Ben also discusses white balance options, advanced metering and autofocus controls, flash, live view, and video shooting. The course ends with a chapter on maintenance, including sensor- and camera-cleaning and care tips.
Video is appear in my playback system alongside stills, but where stills fill my entire LCD, and have my exposure settings up here, videos are a 16x9 aspect ratio, they've got a duration up in the corner, and they have this little movie camera icon. Right next to it is an icon for the Set button, indicating that if I hit the Set button, I get here to my movie playback controls. I can step through them, the different controls, using the quick control dial. If I just put it on the play button, and hit the Set button my video will play. I can then bring the controls back up again, which pauses.
I can step through in slow motion. I can jump to the first frame, which is basically rewind. I can step through one frame at a time, or jump to the last frame. I even have editing capabilities. I can trim clips. Needless to say, editing video on a little three inch LCD screen with dubious controls is not the best idea. You're probably going to want to stick to your computer for serious editing. But if you need to trim the ends off a clip or something, because you're running out of disk space, or because you need to send a video over the Internet, or something like that, this might work just fine in a pinch.

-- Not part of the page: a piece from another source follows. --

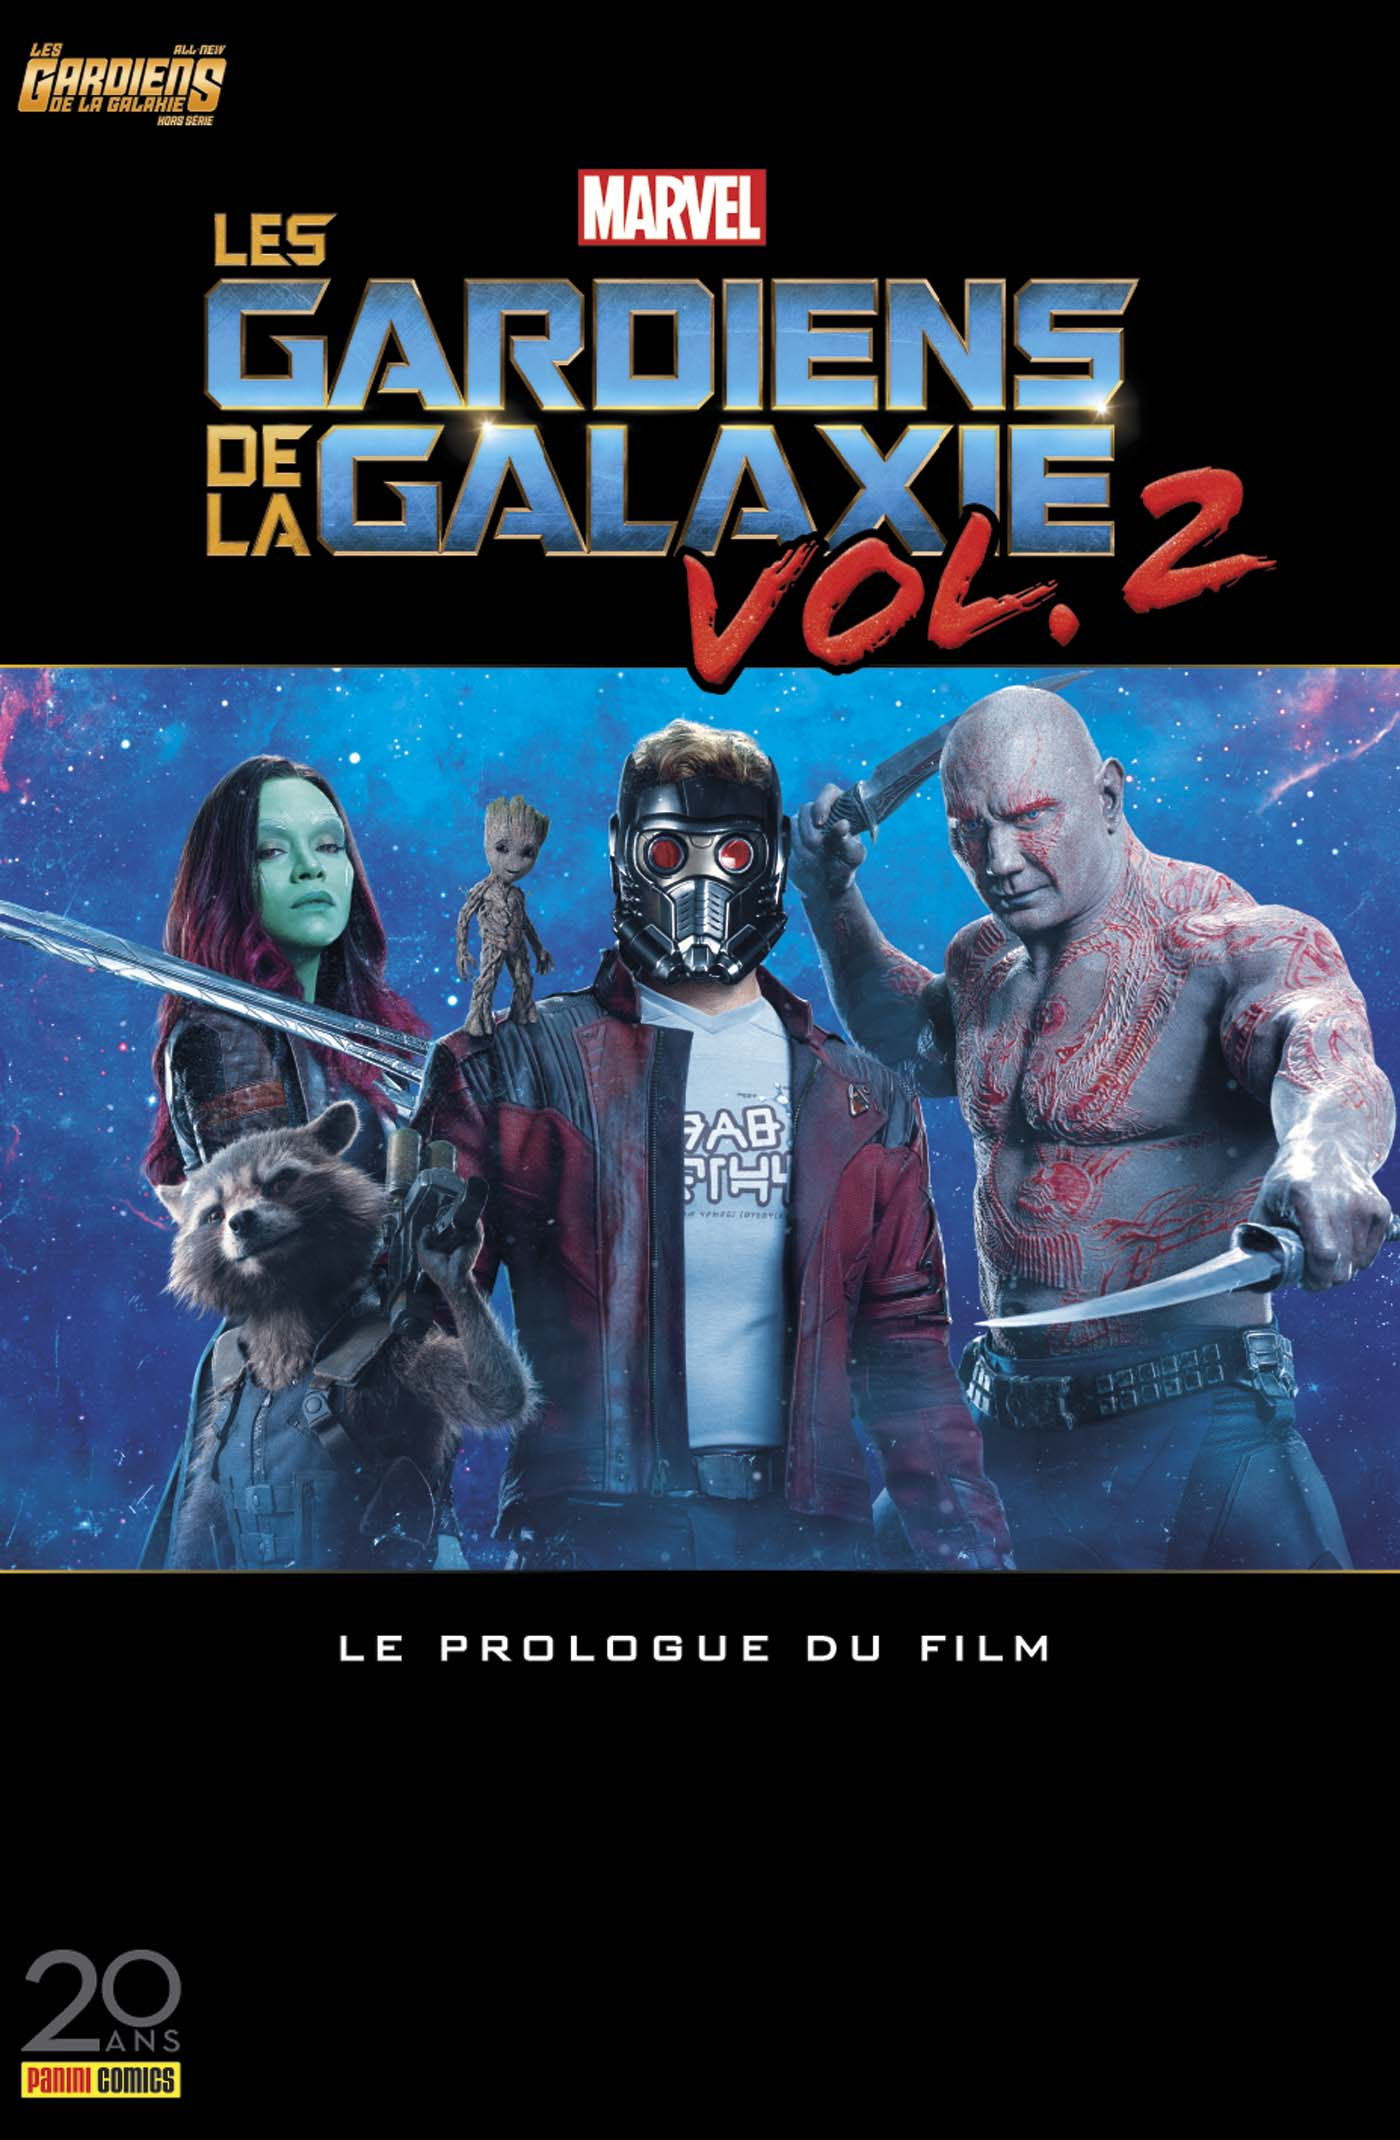 ALL-NEW LES GARDIENS DE LA GALAXIE HORS SERIE 4 : LES GARDIENS DE LA GALAXIE VOL. 2 (PROLOGUE)

Notice, too, that I can control volume using my main dial up here. When I'm done viewing my movie, a push of the Menu button takes me back out to my normal playback interface, where I can continue to step through different pieces of media. Deleting works the same way for movies as it does for still images. I can use my delete button here; I can also use the delete menu command for a batch deleting movies. If you're going to be very serious about reviewing your movies, you're probably going to want to plug some headphones into the camera to get a better sense of your audio. You can do that in a headphone jack over there.
There are one or two other movie related features that you may want to know about. You can find out about those in chapter 8 of your manual. You'll even find a section in there on enjoying movies, so if you find that you're not enjoying your movies, you might want to check that out.